Colin: Returning to your designs, I understand you are trying to preview your collection at VCU’s fashion show in the coming weeks. What are you trying to achieve or showcase for the Richmond audience to see? 

Ben: For sure. I’m very excited to debut my junior collection titled “Note To Self.” I wanted to focus on the subject of sensitivity and acknowledgment of one’s emotions. Growing up, I felt shame for being sensitive, and in this collection, I want to speak to my younger self and explain that it’s ok to be connected to feelings and have the ability to read others. Many garments I created have cinched and tied details that can tighten to the wearer to resemble being suffocated on the inside and not expressing your emotions. When each garment is worn freely and untied, everything drapes and flows to allow the wearer to express themselves. Many of the shapes in this collection also take inspiration from my time overseas studying Japanese and French garments. Everything has a drape and flow, allowing for a very genderless look. I also designed everything with drawstring closures, so every piece is very size inclusive because it’s important to me for a lot of people to be able to wear the clothes I make. 

Colin: With the advent of artificial intelligence now having a formidable presence in the creative space, how do you believe up-and-coming fashion designers will be able to navigate the field when A.I. is being trained to design like a human? 

Ben: I know there’s been a lot of buzz around A.I. right now, both good and bad.
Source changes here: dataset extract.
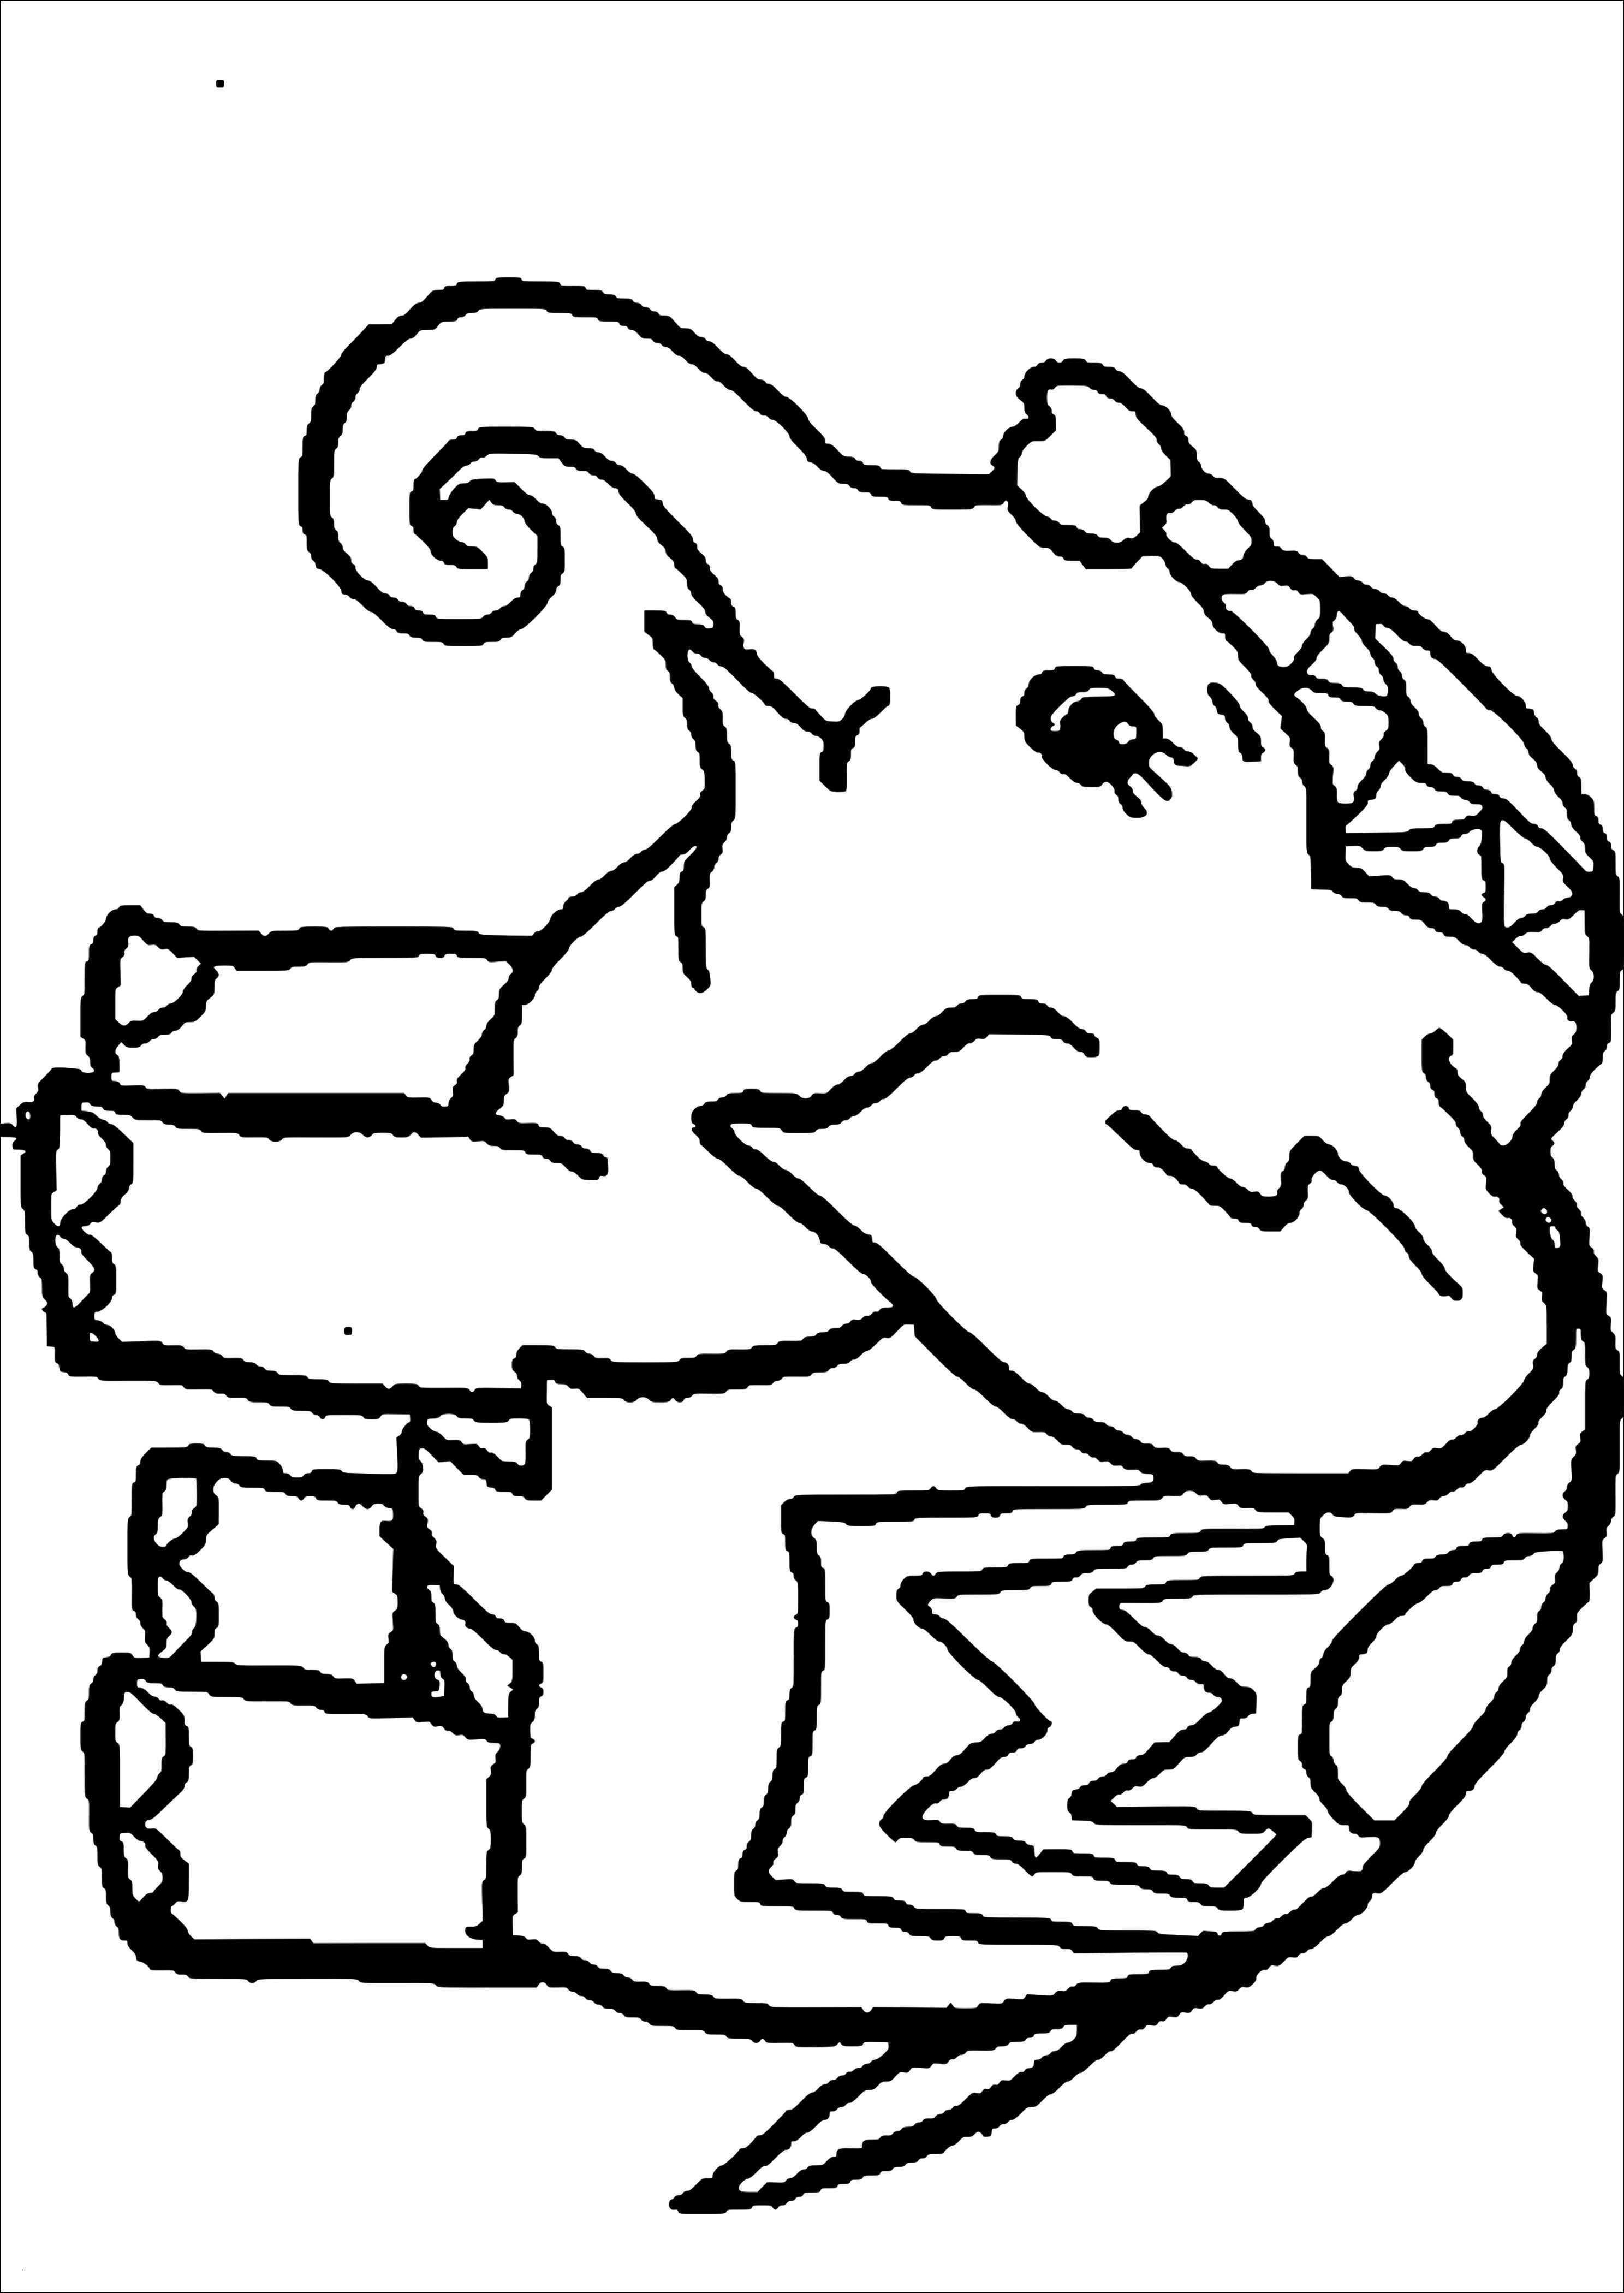 Maus Und Elefant Ausmalbilder Genial Ausmalbilder Elefant Und Maus Ideen 30 Elefanten Ausmalbilder Fotos

I think its potential is pretty exciting for many of us in the art world. The ability many of these A.I. have to help create mood boards and render quick ideas for designers is dope. As long as you use AI as a research tool to help you get to the end product and not use the recycled art as your own, I see no issue. I hope we can start viewing it like we do Siri or using a calculator. At the end of the day, we’re always going to have new technologies that advance us, we just need to be smart about how we use them.

Colin: How do you balance the desire to create something that is timeless with the pressure to keep up with the fast-paced trends of the fashion industry?
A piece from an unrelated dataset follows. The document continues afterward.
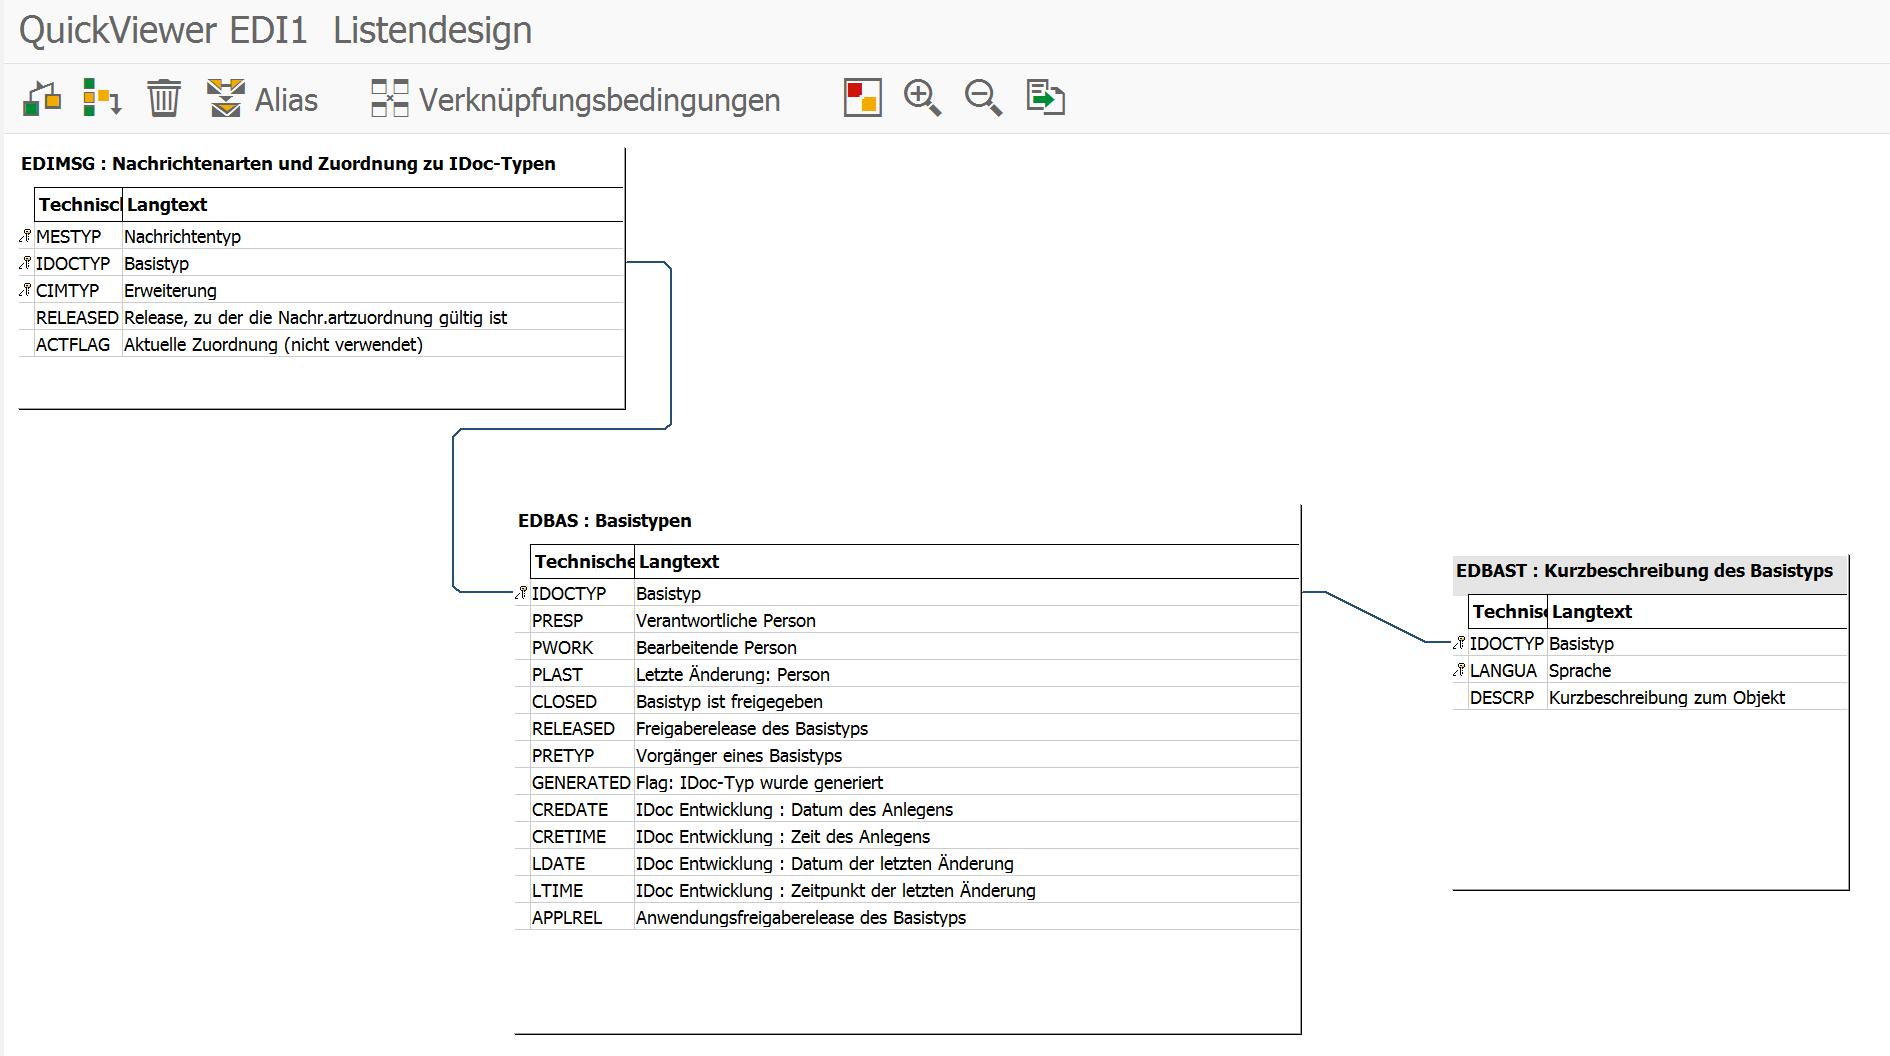 IDoc-Tabellen im QuickViewer

Ben: Honestly, I just don’t. I try to steer clear of all these quick trends that lack expression and originality. I usually flock to designs that most people can wear in the hope of a more “timeless-collection” approach to fashion. Of course, you’ll see some fun things I make just for the sake of (the) runway, but I like to make practical clothing. I think it’s crucial as a designer to have knowledge of merchandising to understand your audience and what sells. I practice introducing small shifts in shape, like making things more tight-fitting for a couple of looks and then having more drape and volume for others. Overall, as someone getting ready to start their career in the industry, I hope for a slower future in fashion where brands can have time to create freely and not just be compared to what’s “now.” I see what’s selling now, but I remind myself never to lose my inner artist in the process.